Related links: more insight from Molly Wood

In 2017, Google combined some messaging into the default Android text app and started pushing the industry to roll out RCS on all phones and carriers. It’s not called RCS, though, because … that’s boring. Google calls it Chat. The Google push is interesting because that company has goofed around with messaging for the last several years, launching chat apps like Allo and video apps like Duo and sort of also having Google Hangouts but not really. But now it’s consolidating a lot of this under Android Messages and hopes to be ready with its full-fledged Chat features whenever all the carriers and phone makers finally get on board with RCS.

It would be amazing if everyone could just use the default app on their phone to do all the cool things like send GIFs that aren’t weirdly compressed or get read receipts or see when someone is typing or group chat or even book a plane ticket without having to download the airline’s app. Let’s do that, that sounds awesome.

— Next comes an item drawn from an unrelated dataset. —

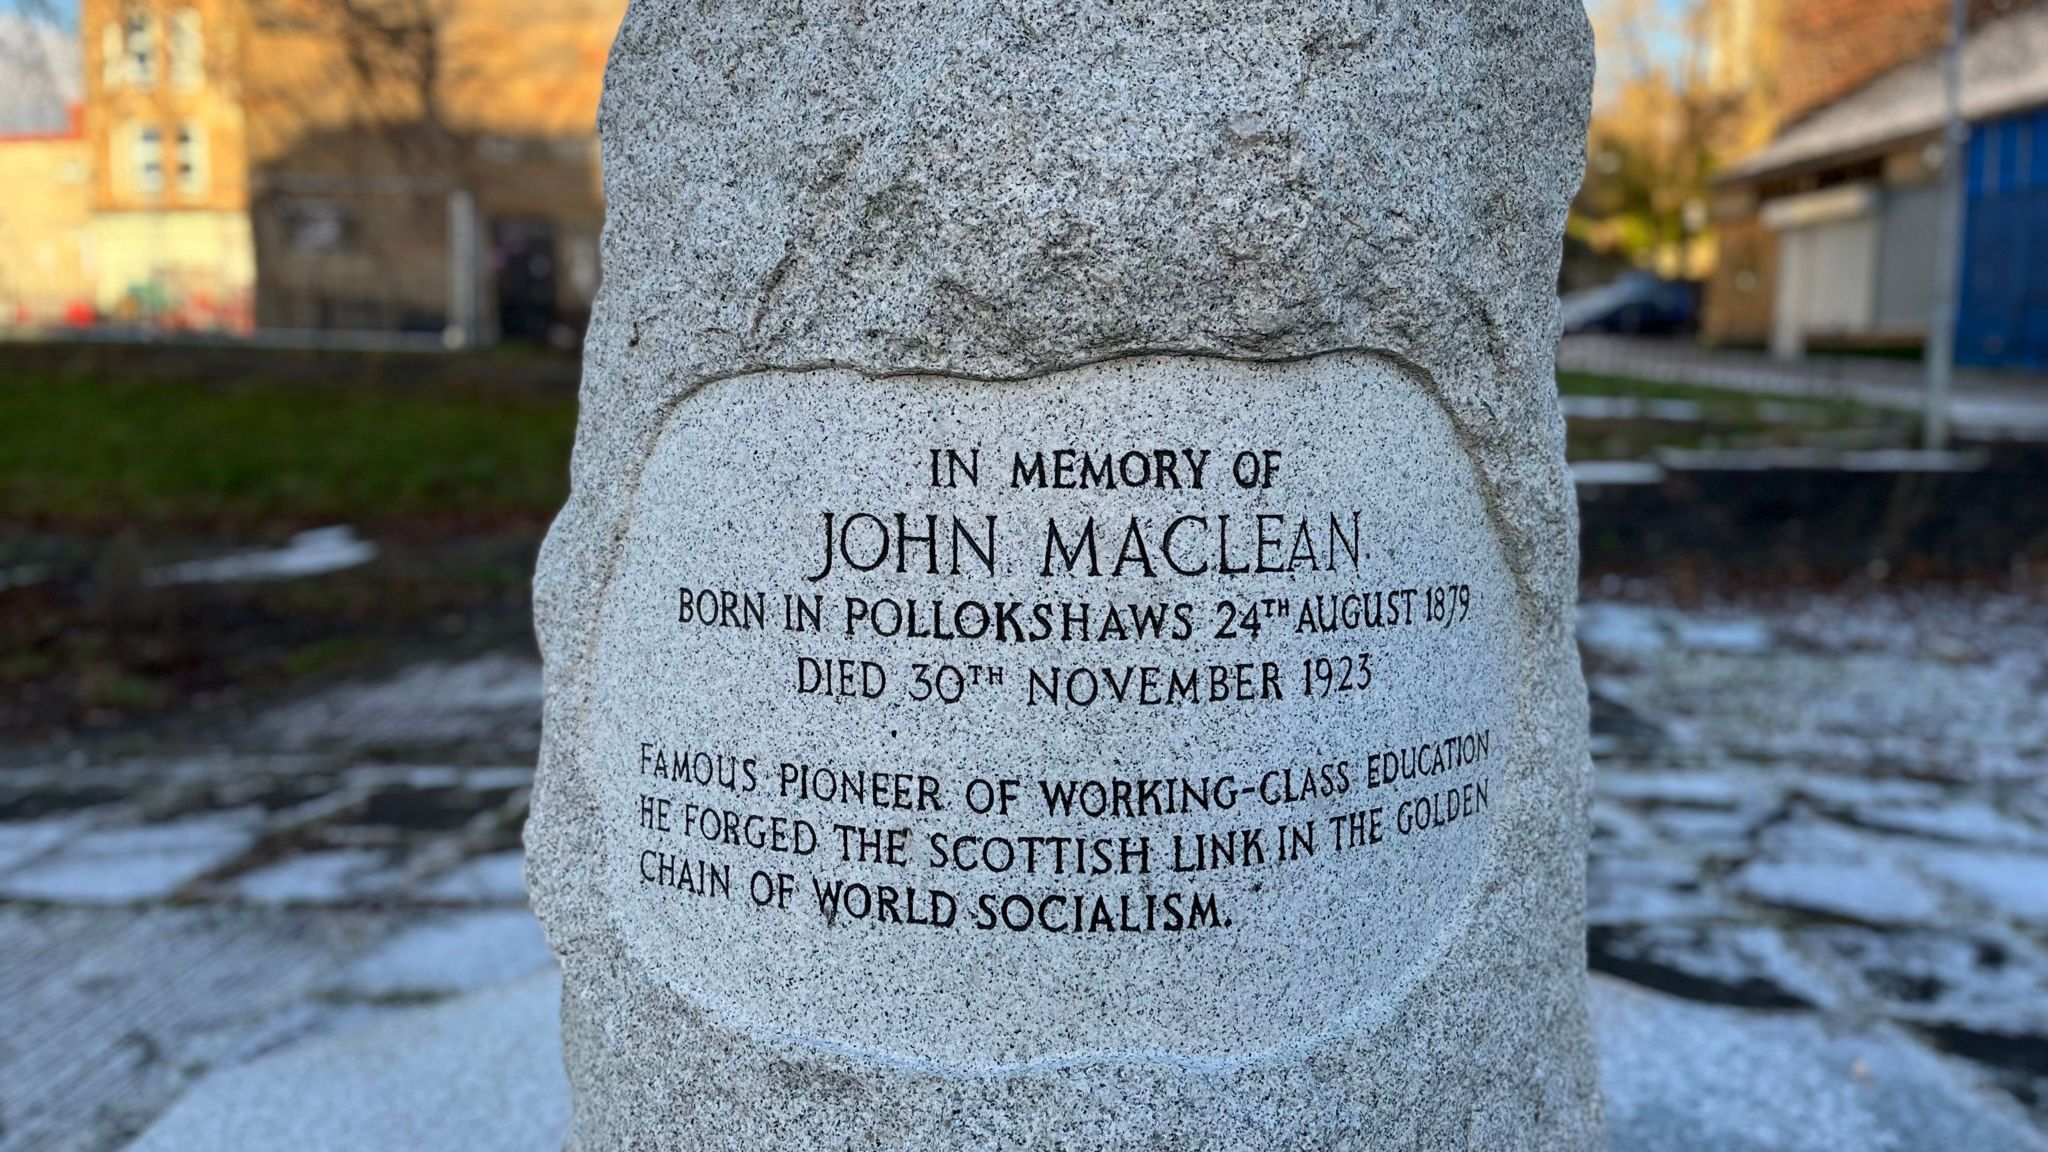 John Maclean's Memorial Cairn

But there are some drawbacks. RCS isn’t end-to-end encrypted the way iMessage or WhatsApp is. That means, theoretically, someone with a subpoena could get your phone carrier to decrypt your messages and they could be read, which not everyone loves.

Also, the whole magical thing where we’d all be on the same default app no matter what phone we’re on and what carrier we’re using depends on Apple getting on board and supporting RCS.

Since we know how much Apple loves its own systems at the expense of industry standards, I personally would not hold my breath for that. But like Barker said, Google getting behind RCS is pretty much as strong of a push as the industry is going to get. I guess we’ll see if the future of messaging is going to be owned by a couple of companies or available to all of us.